= Paul Pen =

Spanish author

Paul Pen is a Spanish author of literary fiction, thriller and suspense. His first novel, El aviso, earned him the title of Fnac New Talent in 2011 and has been translated into German, Italian and English. This debut was described as "outstanding" by Babelia, the cultural section of Spanish newspaper El País. In 2013, he released his second novel, El brillo de las luciérnagas (Plaza y Janés), published in English by AmazonCrossing in April 2016, translated by Simon Bruni. He has also published some fifteen short stories, some of them appearing in men's magazines such as NOX and Don. In 2017, his third novel La casa entre los cactus (Desert Flowers) was published internationally in many languages, as it happened in 2019 with his subsequent novel Un matrimonio perfecto (Under the Water).

== Film and TV ==
Most of Pen's novels are being or have been adapted for the big screen. The film adaptation of his first novel El aviso was released on Netflix in July 2018 as The Warning.
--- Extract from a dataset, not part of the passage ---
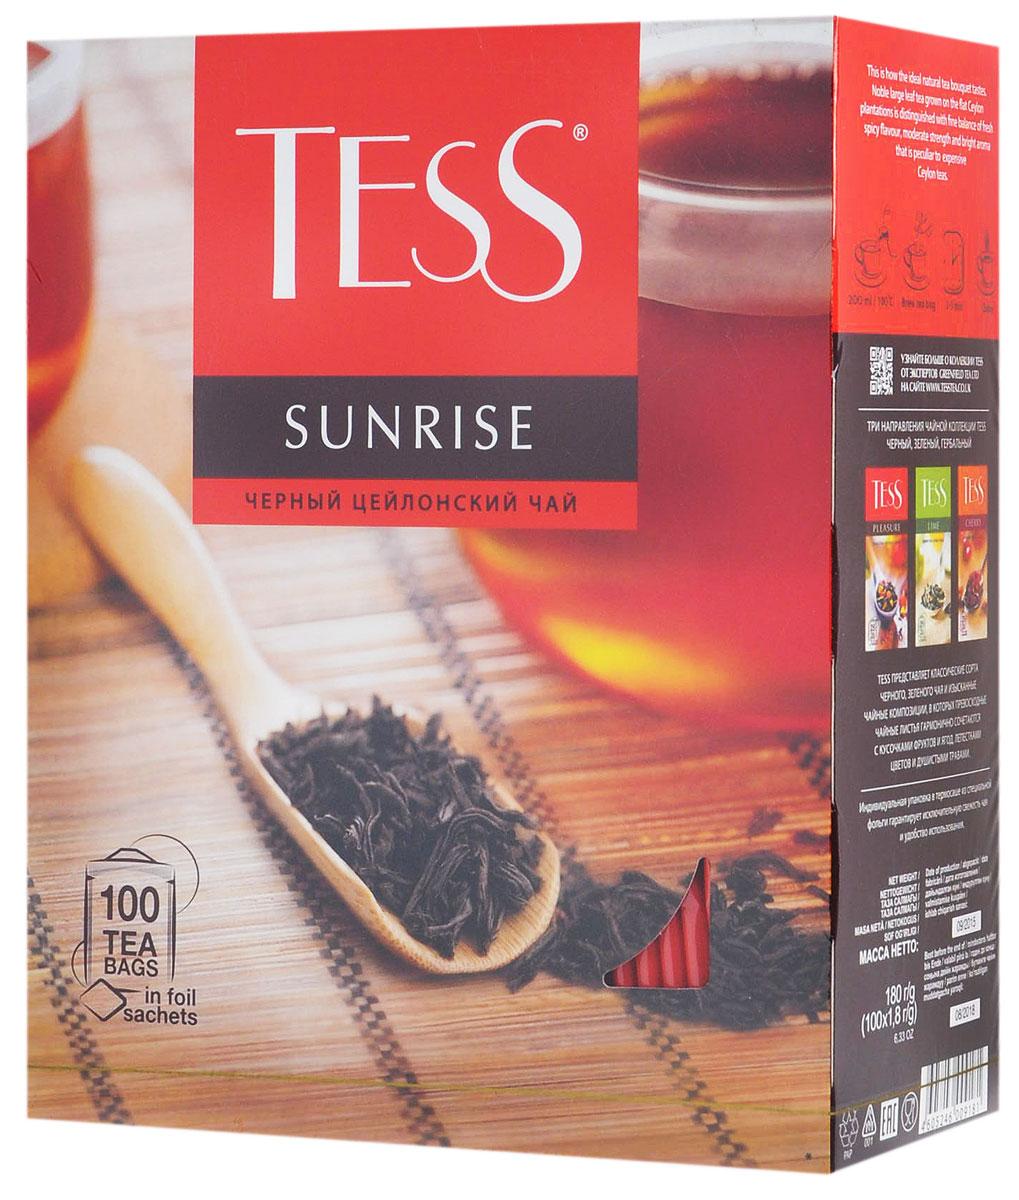 Tess Sunrise черный чай в пакетиках, 100 шт0120710Черный байховый цейлонский чай Tess Sunrise отличается необыкновенно насыщенным ярким вкусом и тонким, очень приятным ароматом, свойственным цейлонским чаям.
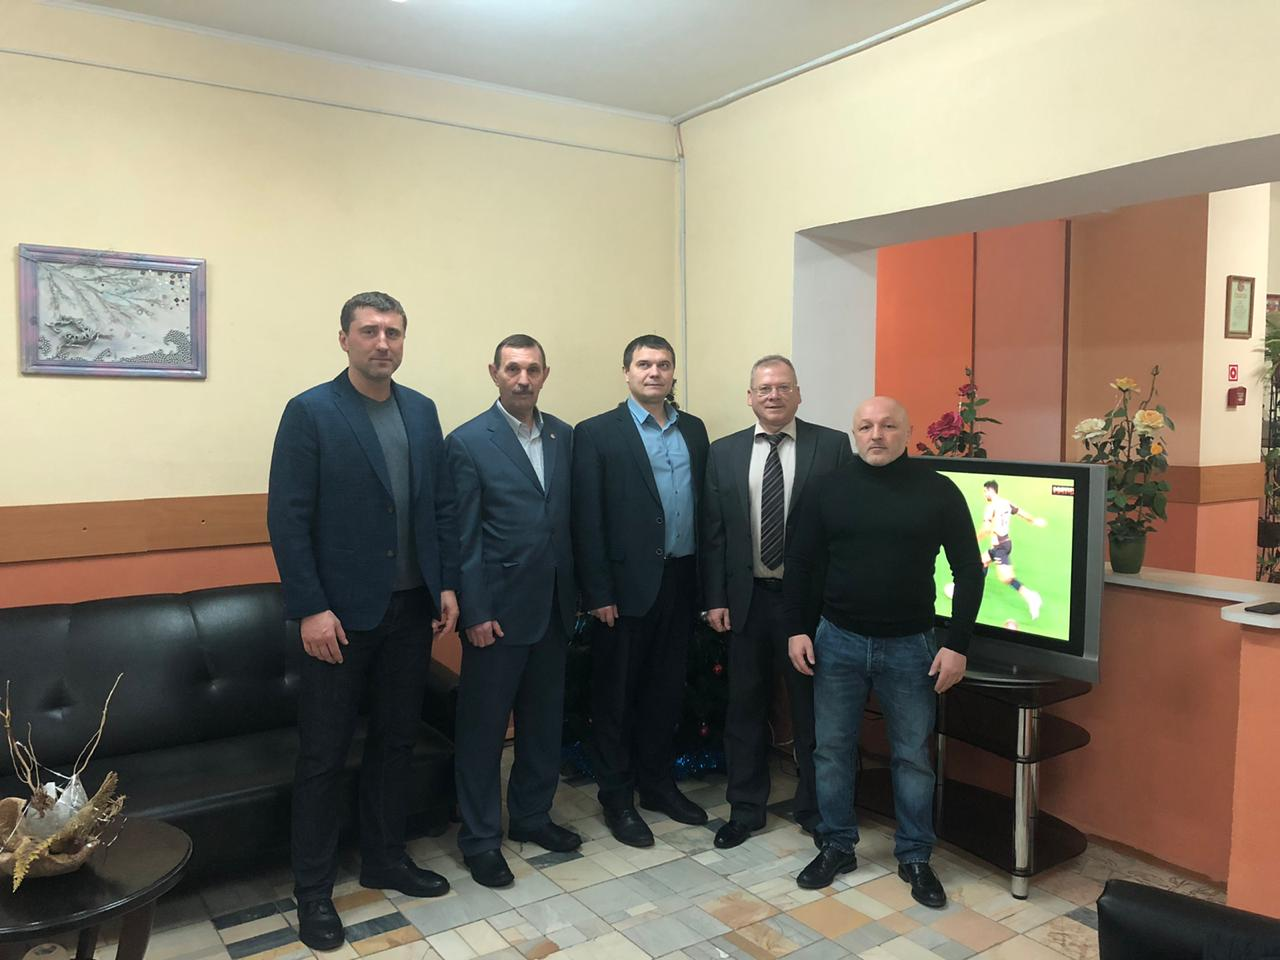 Встреча в Наро-Фоминском городском округе турниров общенационального и международного уровня

Jorge Guerricaechevarría penned the Spanish script with revisions by Chris Sparling and Chris Rossi.

The House Among the Cactuses, with the screenplay written by Paul Pen himself, will premiere in September 2022.

In his capacity as scriptwriter, Paul Pen also collaborated in the supernatural thriller The Girl in the Mirror.

== Bibliography ==

===Novels===

| Title | Publication date | Publisher |
|---|---|---|
| El aviso | June 2011 | RBA Libros [es] |
| Il presagio | October 2011 | Newton Compton Editori |
| 9 - Die Wiederkehr | February 2013 | Heyne Verlag (Penguin Random House Germany) |
| El brillo de las luciérnagas | May 2013 | Plaza y Janés [es] (Penguin Random House Spain) |
| The Light of the Fireflies | April 2016 | AmazonCrossing |
| La casa entre los cactus | June 2017 | Plaza y Janés [es] (Penguin Random House Spain) |
| Desert Flowers | August 2017 | AmazonCrossing |
| Un matrimonio perfecto | May 2019 | Plaza y Janés (Penguin Random House Spain) |
| Under the Water | October 2019 | AmazonCrossing |

===Short stories===

| Title | Published | Notes |
|---|---|---|
| Una escena matrimonial del todo insólita | "Visiones 2007" (AECFT [es]) | Winner of III Certamen Internacional La cerilla mágica. |
| OTEL | RHM FLASH (Penguin Random House Spain) | Also published in men's magazine Revista Don. |
| La sangre del muerto | RHM FLASH (Penguin Random House Spain) |  |

===Collections===

- Trece historias (2015)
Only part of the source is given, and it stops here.